• _DATA SHOWN_:
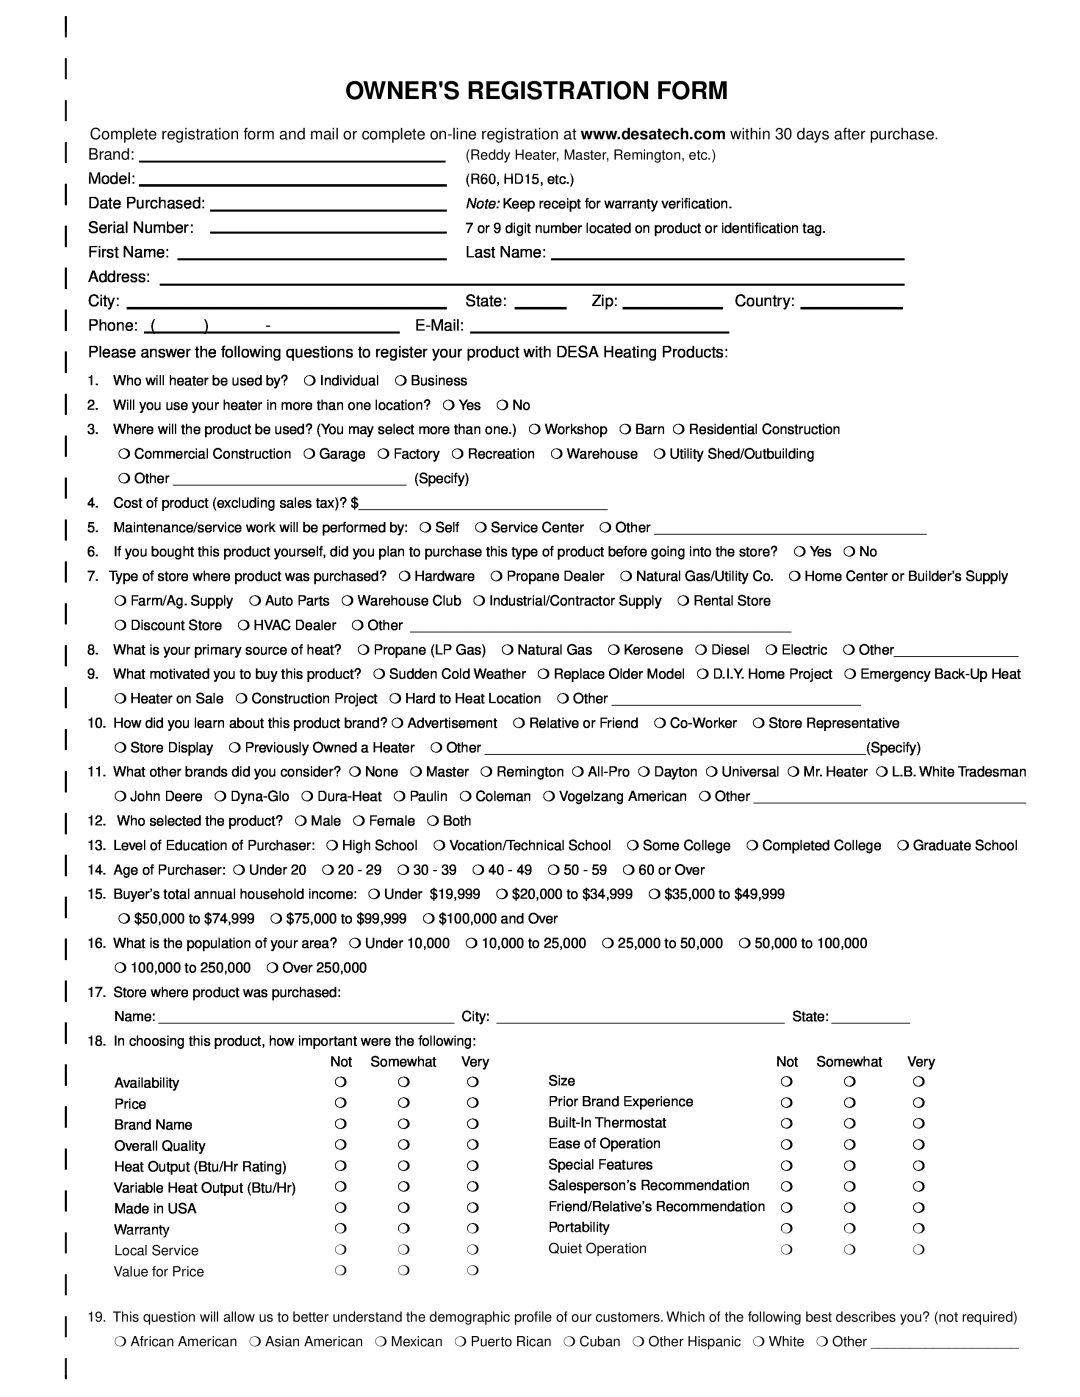 Desa REM30LP owner manual Owners Registration Form 
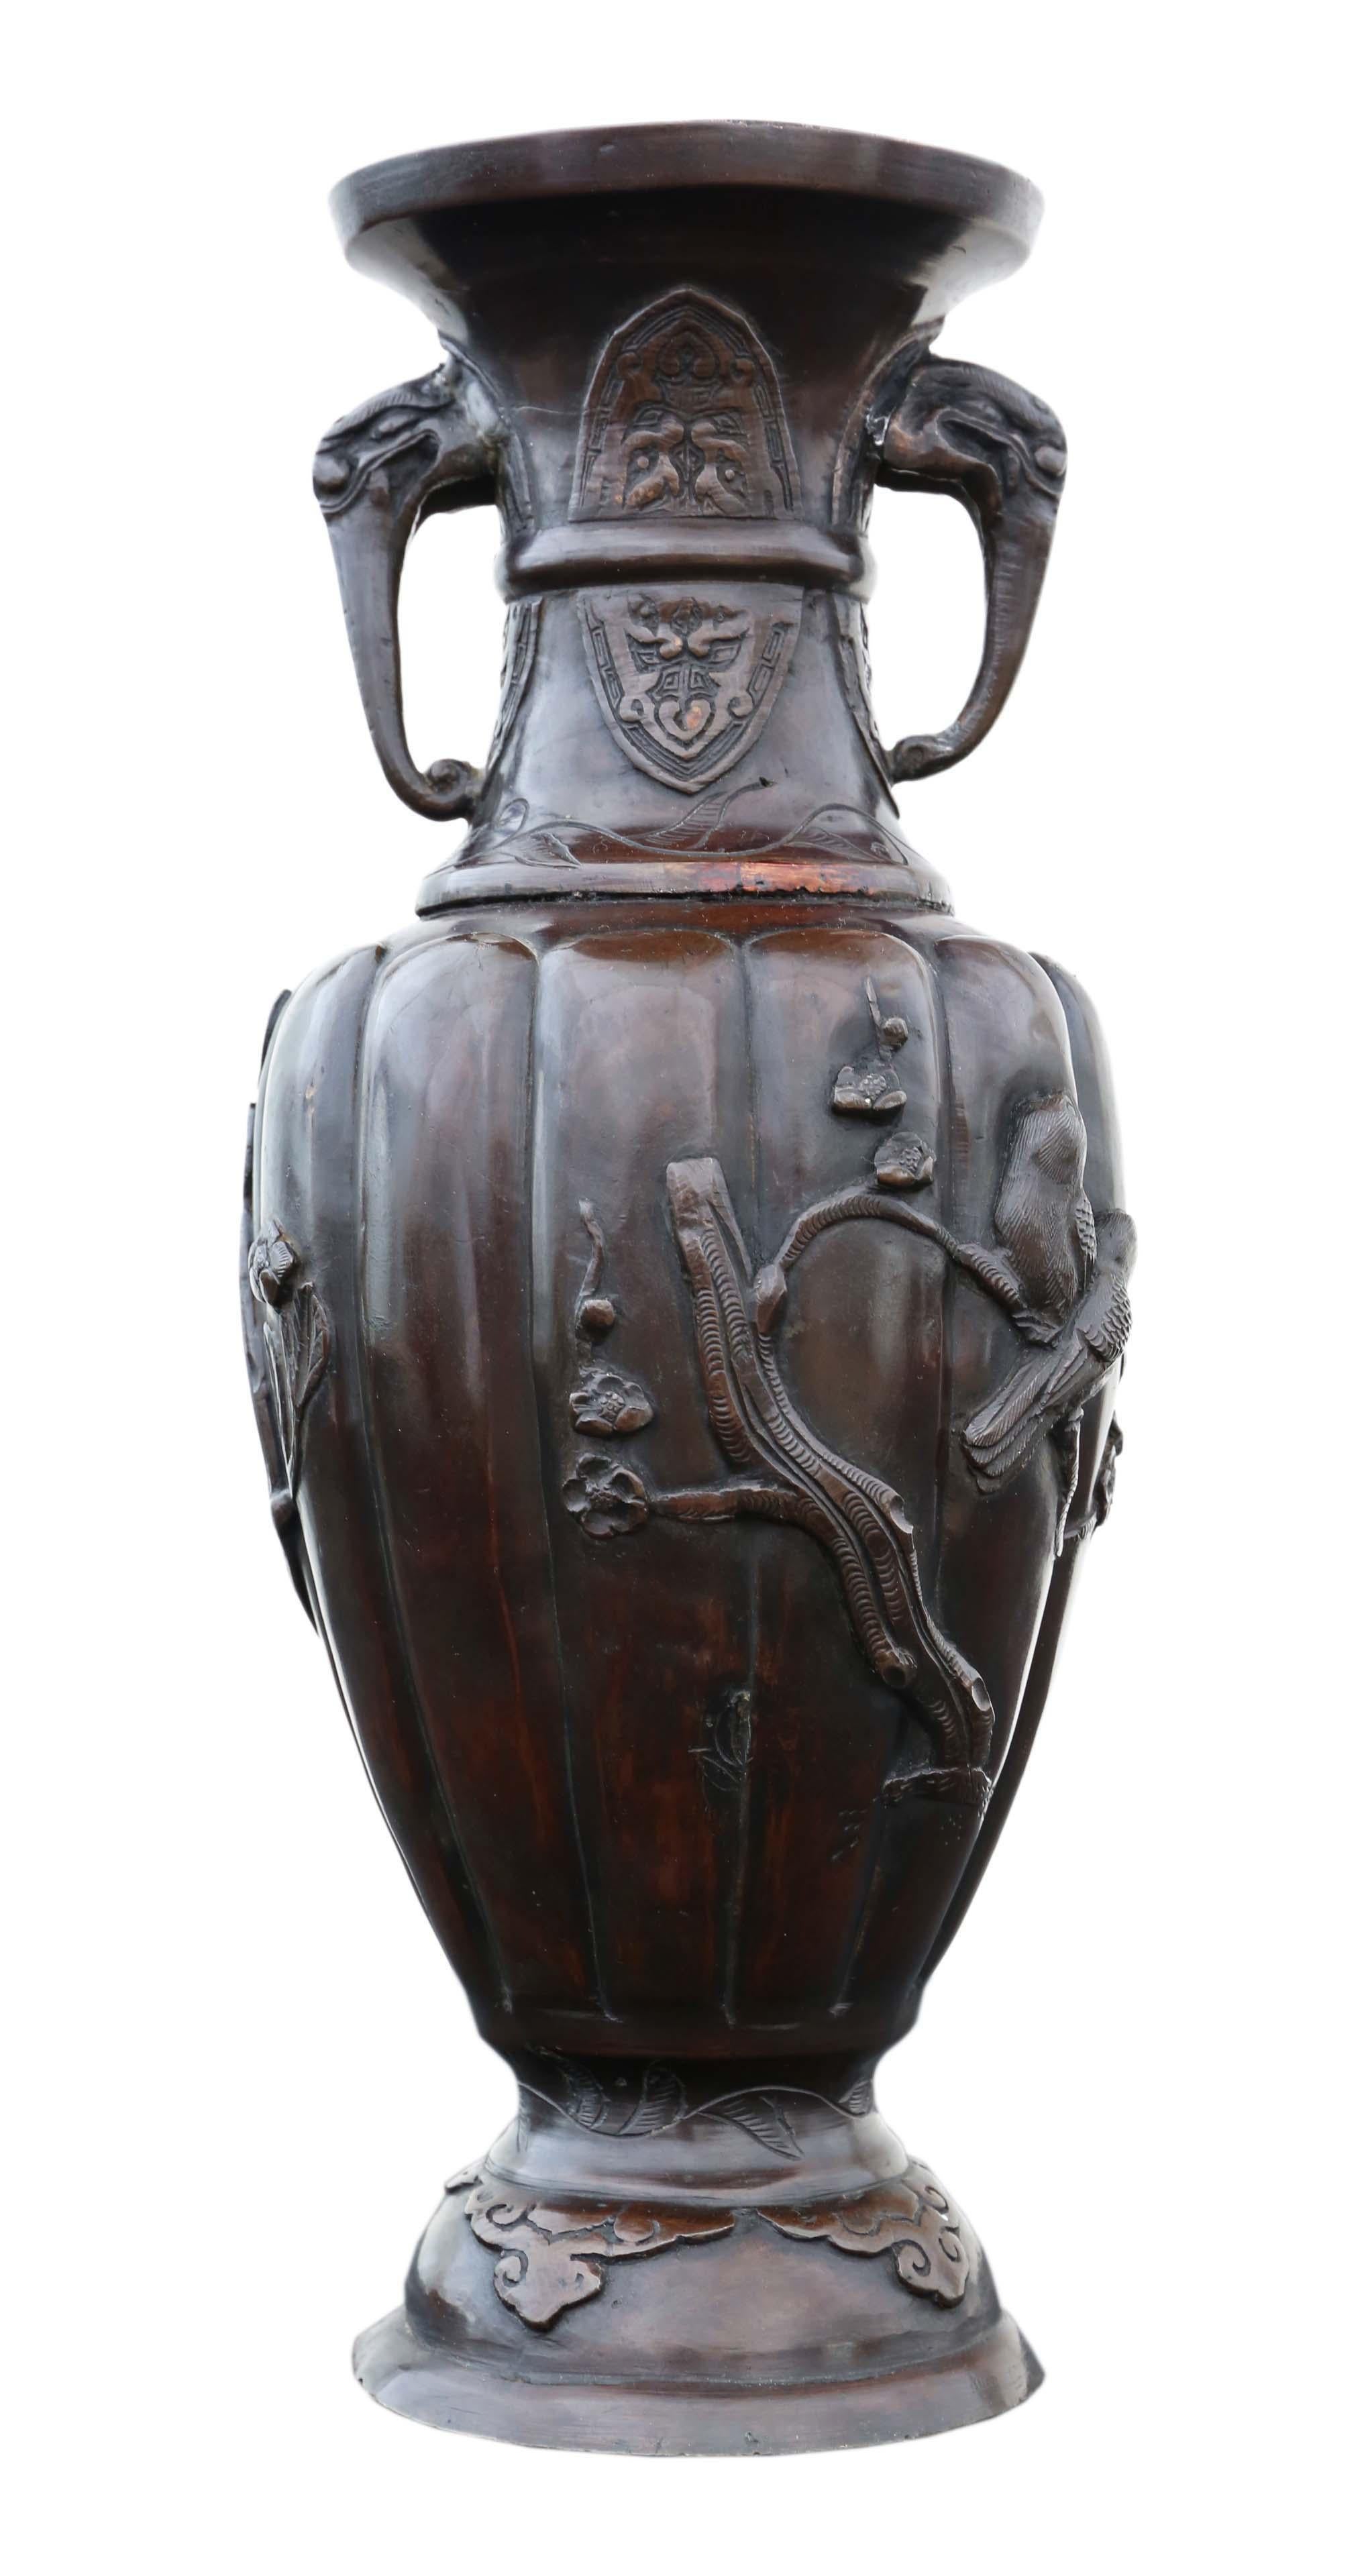 Vase japonais en bronze de la période Meiji à décor d'oiseaux et de feuillages et anses d'éléphants, vers 1900.
Il serait magnifique au bon endroit. La meilleure couleur et la meilleure patine.
Dimensions totales maximales : 34 cm de haut x 14 cm

• _ACTION ITEM_:
Set down exactly the lines beginning at the one that holds "Il serait magnifique" and ending with the last line of the data.

• _OUTPUT FOR THIS EXERCISE_:
Il serait magnifique au bon endroit. La meilleure couleur et la meilleure patine.
Dimensions totales maximales : 34 cm de haut x 14 cm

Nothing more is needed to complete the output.